Padmanabhaswamy Temple of Thiruvananthapuram is built in the same model as that of Achyutaraya Temple of Hampi. These 2 are built in 2 different decades. The architectural works of Achyutaraya Temple are mesmerizing. Lively statues and carvings done on each stone are capable of capturing the complete attention of the viewer.
The limbs and heads of most of the statues are in a damaged state at present. It shows how cruel and careless mankind has become. I passed through the extensive market in the front and went ahead to visit another important temple, the Vittala Temple.
On one side of the temple, there is a pond enclosed beautifully on all 4 sides. The pond is full of delicate carvings. There are so many ponds like this in Hampi. Anjaneya Hill can be seen on the way to Vittala Temple. There lie on roadsides the ruins of floors of edifices and huge single-stone pillars of ages back. It is rightly called Vittala Temple Complex instead of just Vittala Temple.
An iconic stone chariot on the eastern side welcomes us. The wheels of this exquisite chariot are made of stone. Another major attraction of this place is the ceremonial hall [mandapam] made of 1000 stones. It has musical pillars.
Vittala Temple is the center point where strength of architectural skills and beauty of sculpting come together and meet. Its outstanding beauty cannot be described in words.
When taking the way to Vittala Temple from Kamalapuri, there is a Jain temple on the way. Its craftsmanship is totally different from others. From there, I went on to visit the Queen’s Bath which was built by the king for his first wife, Tirumala Chinnambika. It is an ornate structure, the uniqueness and architectural excellence of which amazes the viewer. The Maha Navami Mandap is near to this.
This ceremonial hall has the height of a 2-storied building. In olden days, kings used to sit on top in the mandap to watch festival celebrations like Dasara. There lie 2 huge granite doors which are said to be the ones used at the entrance. These doors are surprisingly beautiful.
From there, I went to Hazara Rama Temple which is also a creation that indicates the completeness of architectural art. It is a bitter experience to see the destroyed heads of the beautiful statues that stand on the top portion of the entrance to the temple. Most of the walls in Hampi have carvings depicting pictures related to palatial and normal lives.
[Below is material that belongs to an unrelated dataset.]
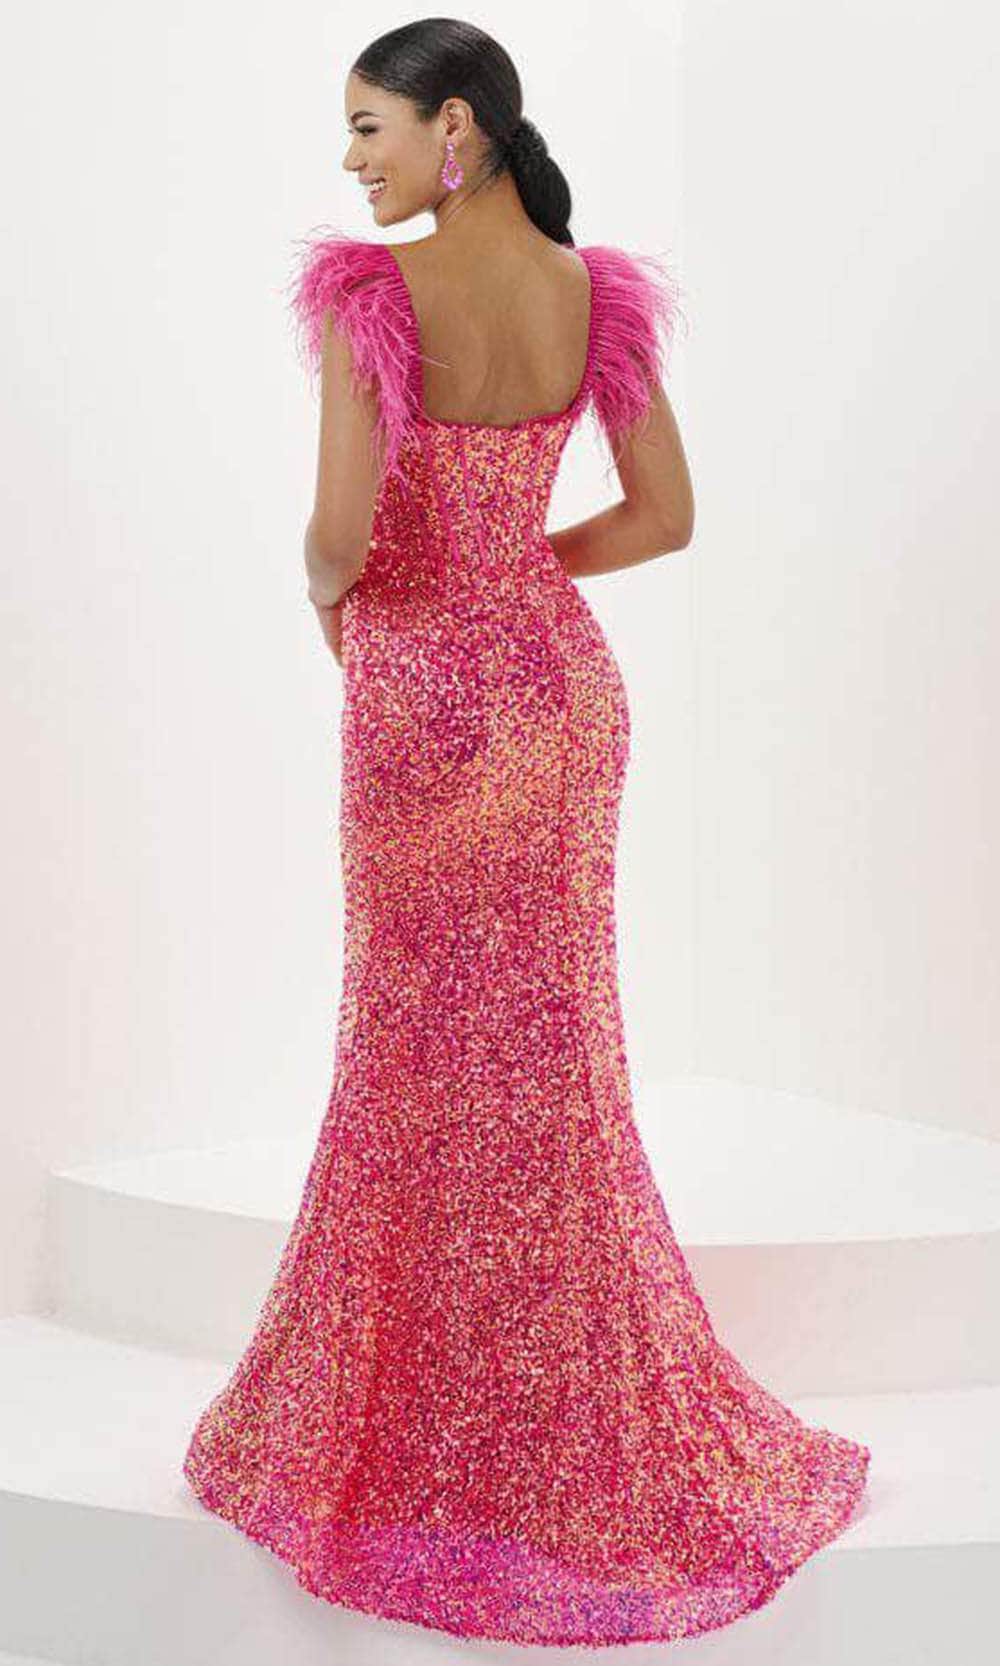 Tiffany Designs 16106 - Sweetheart Feather Sleeve Evening Gown Evening Dresses

Lotus Mahal is one of the unique structures of Hampi that is least destroyed. It is built using bricks and lime mortar. Unlike the other structures in Hampi, Lotus Mahal has been given a Mughal touch in its construction. From the top, it looks like a lotus. It is one of the most beautiful structures with interiors surrounded with decorative arches.
Elephant Stables stand next to this. It is built in such a way that 11 elephants can be parked at a time. There is a small museum near this, where the structures that had lied scattered across Hampi are placed along with their names.
At a short distance from here is situated the Karnataka Department Archaeology Museum. Near this is the underground Shiva Temple. Here, the temple and the idol of Lord Shiva stand in knee-deep water. Next, I went to visit the single-stone statue of Narasimha Murthi, which is the largest in Hampi.
Near to this, there is a large single-stone Shivalinga too. Hampi is a storehouse of numerous sights that cannot be counted. Because of shortage of time, I decided in my mind to get satisfied with what I saw and to visit this place of myths again.